### [TASK REQUIREMENTS]
Retype the whole listing below exactly, keeping every picture out of it.

### [SOURCE MATERIAL]
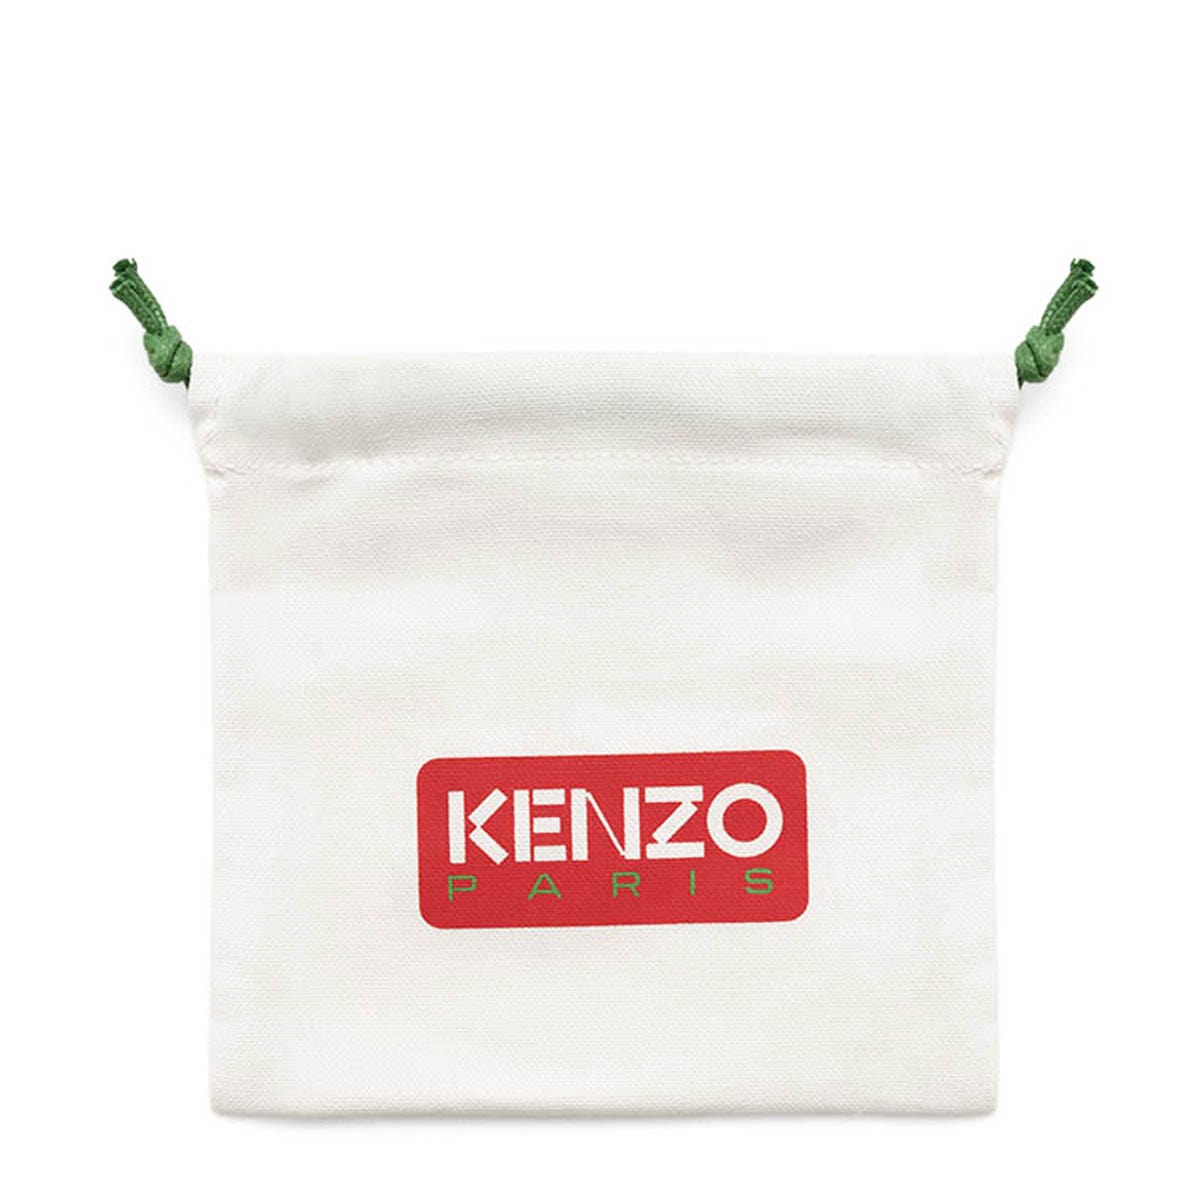 Kenzo Wallets & Cases BLACK / O/S CARD HOLDER
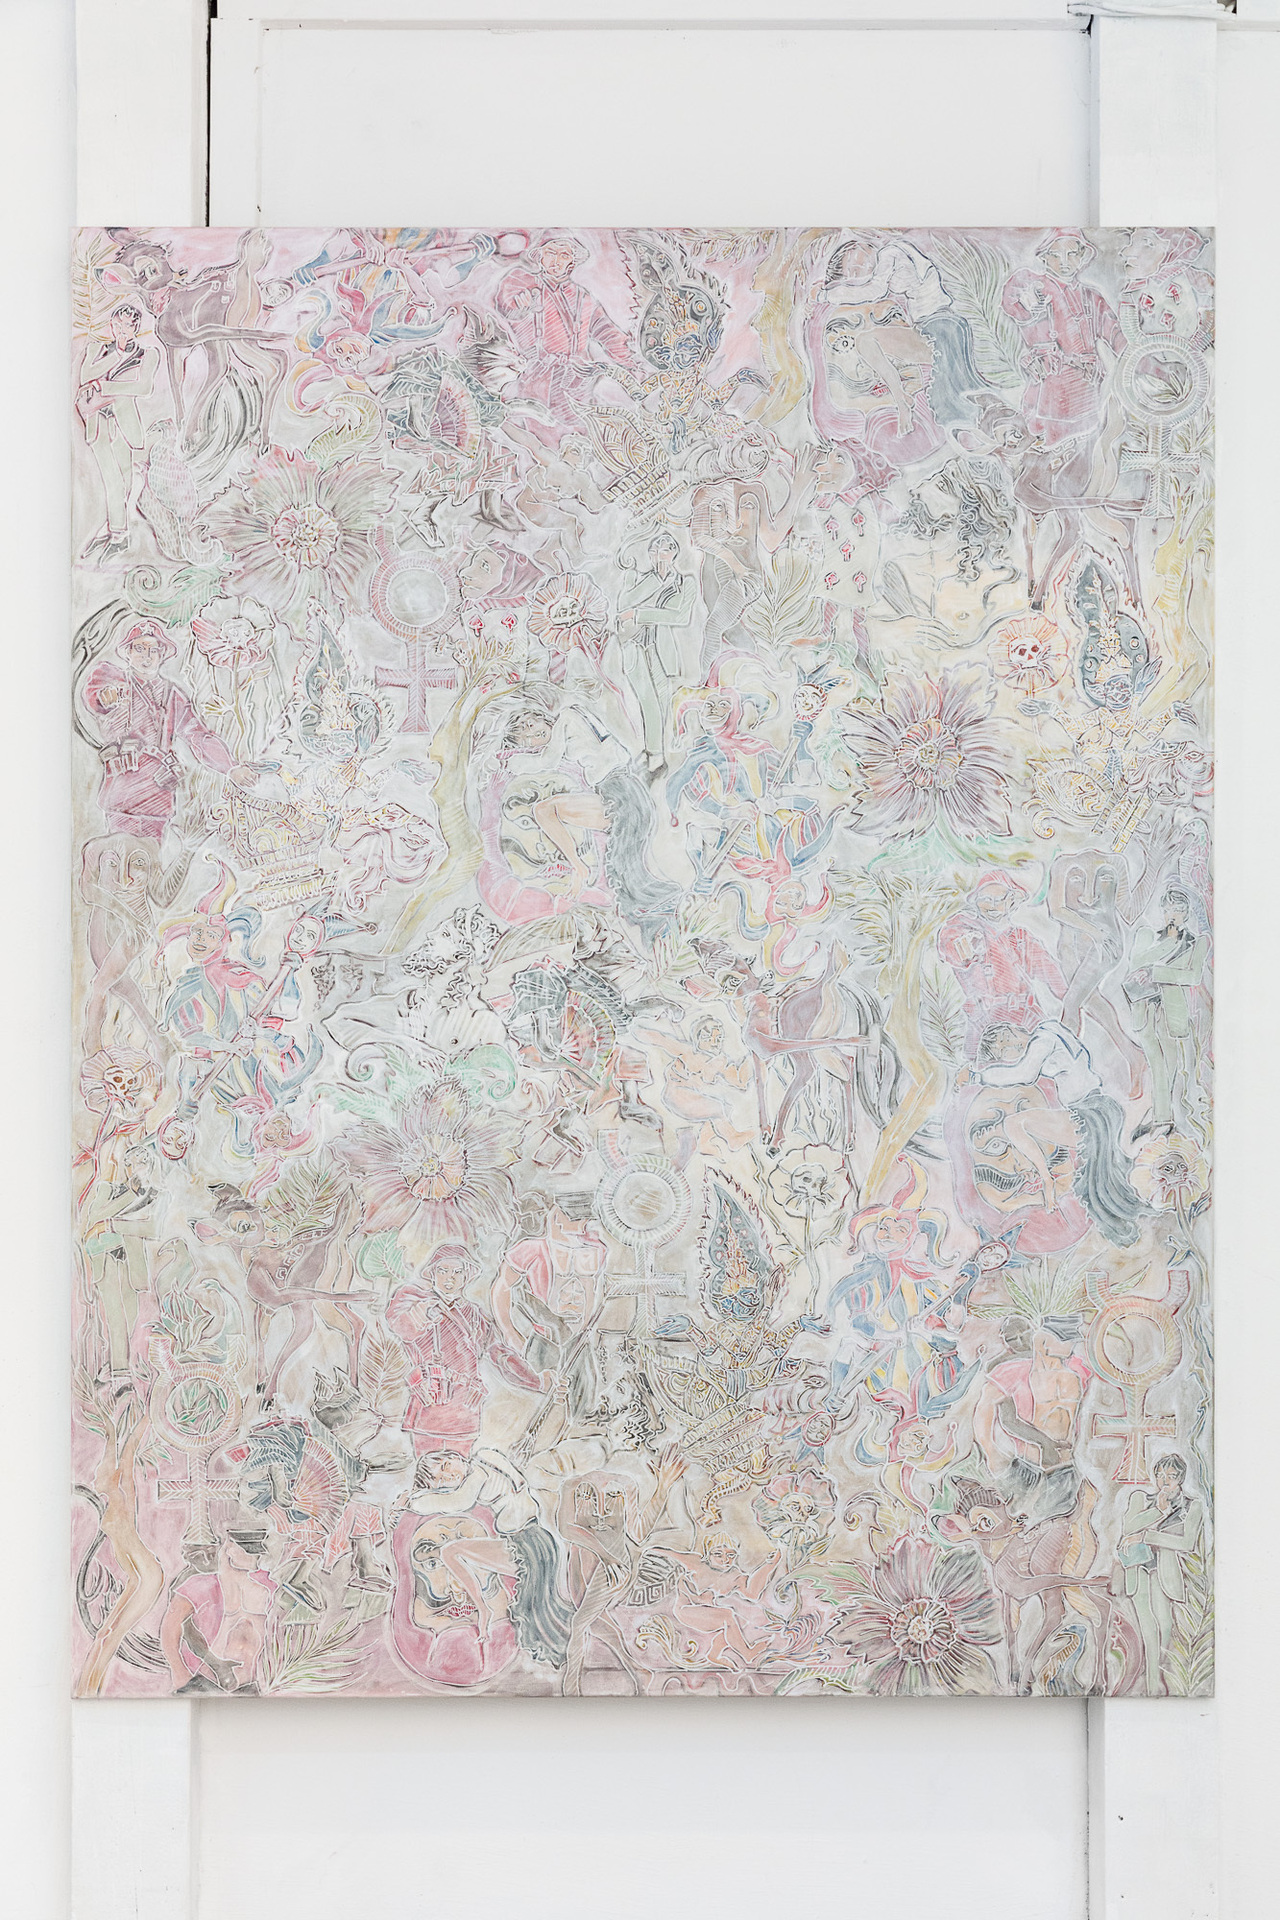 08. Daniel Moldoveanu, Untitled, 2020, Acrylic, correction pen and white marker on canvas, 180 x 140 cm
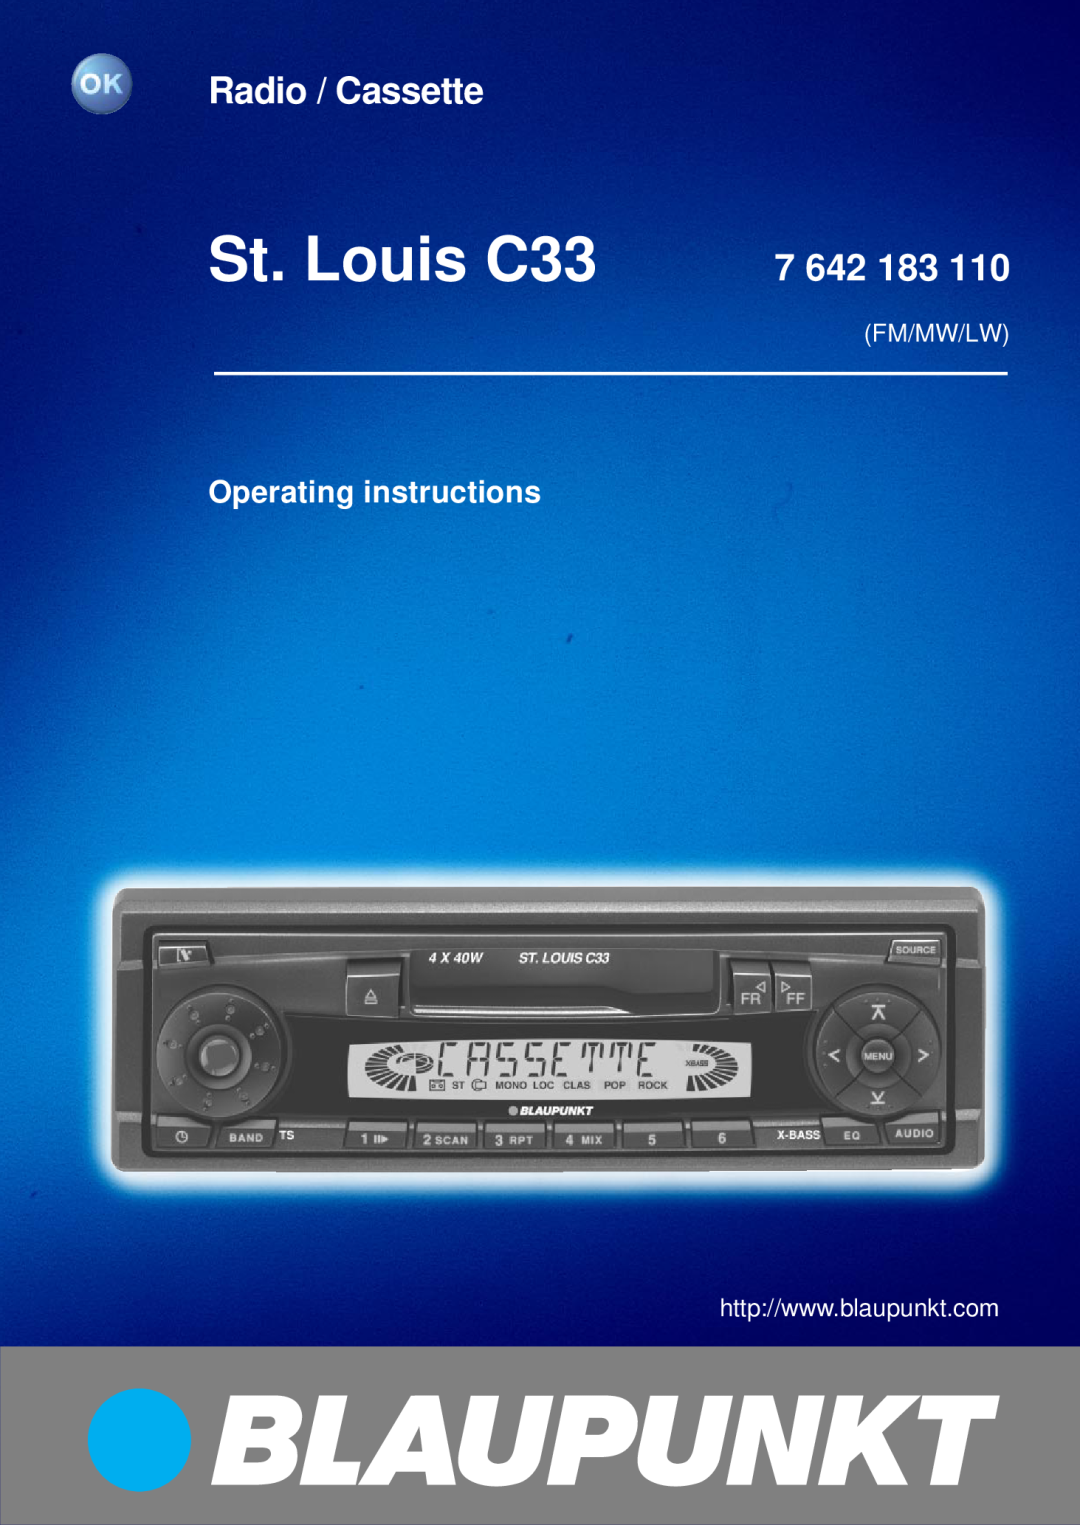 Blaupunkt 7 642 183 110 operating instructions St. Louis C33, Radio / Cassette, Operating instructions, Fm/Mw/Lw 
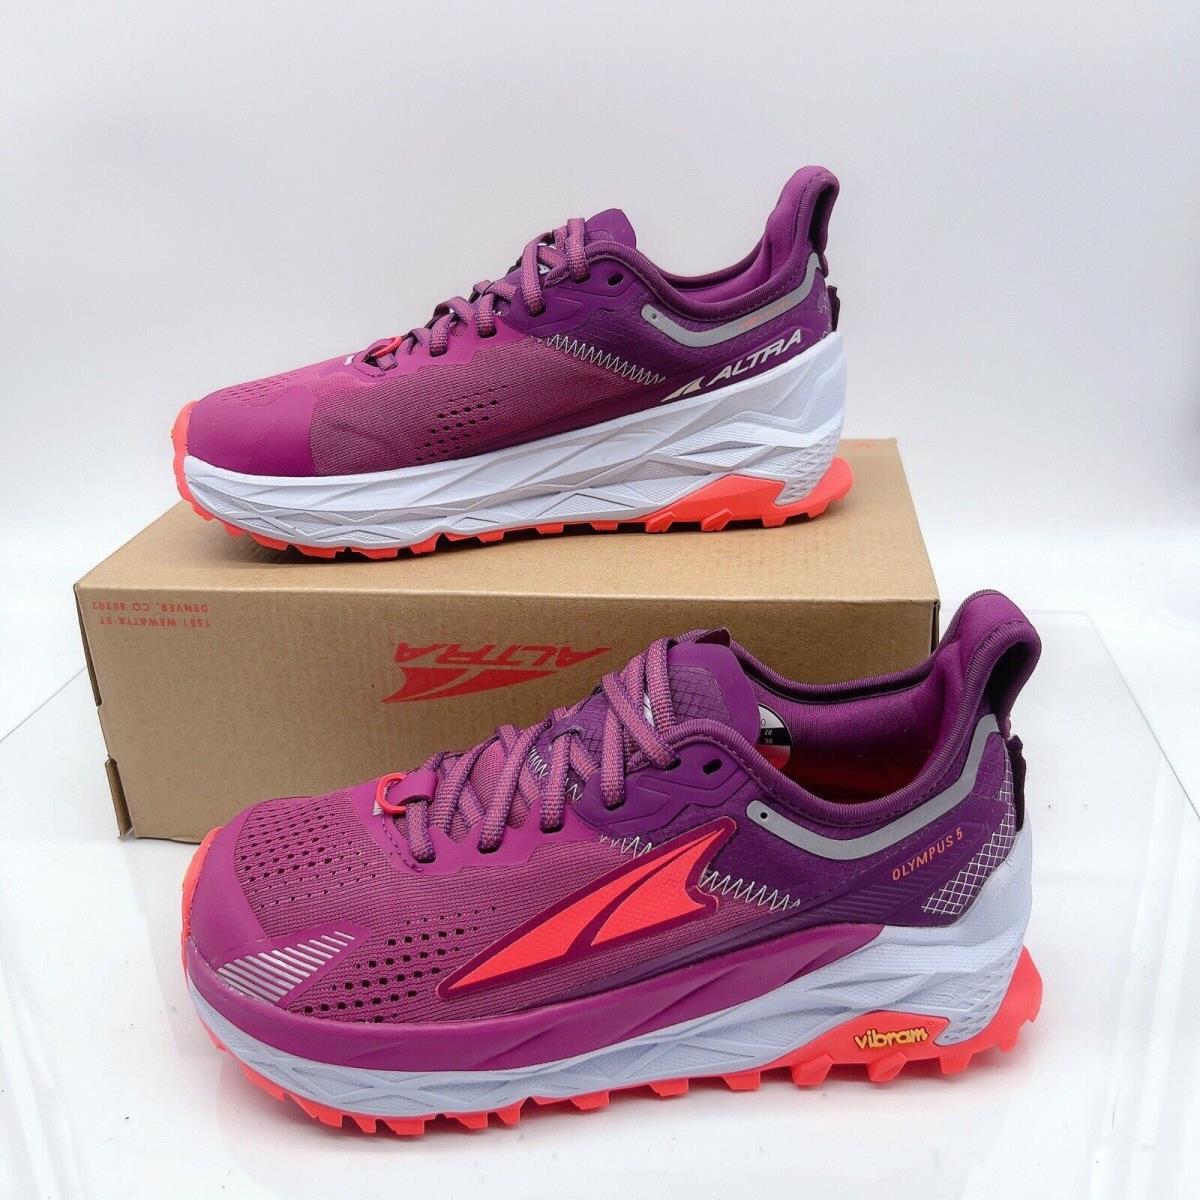 Altra Olympus 5 Women s Running Shoes Sneakers Purple Orange US 7

### [PROBLEM SOLUTION]
 Kenzo Wallets & Cases BLACK / O/S CARD HOLDER
 08. Daniel Moldoveanu, Untitled, 2020, Acrylic, correction pen and white marker on canvas, 180 x 140 cm
 Blaupunkt 7 642 183 110 operating instructions St. Louis C33, Radio / Cassette, Operating instructions, Fm/Mw/Lw 
 Altra Olympus 5 Women s Running Shoes Sneakers Purple Orange US 7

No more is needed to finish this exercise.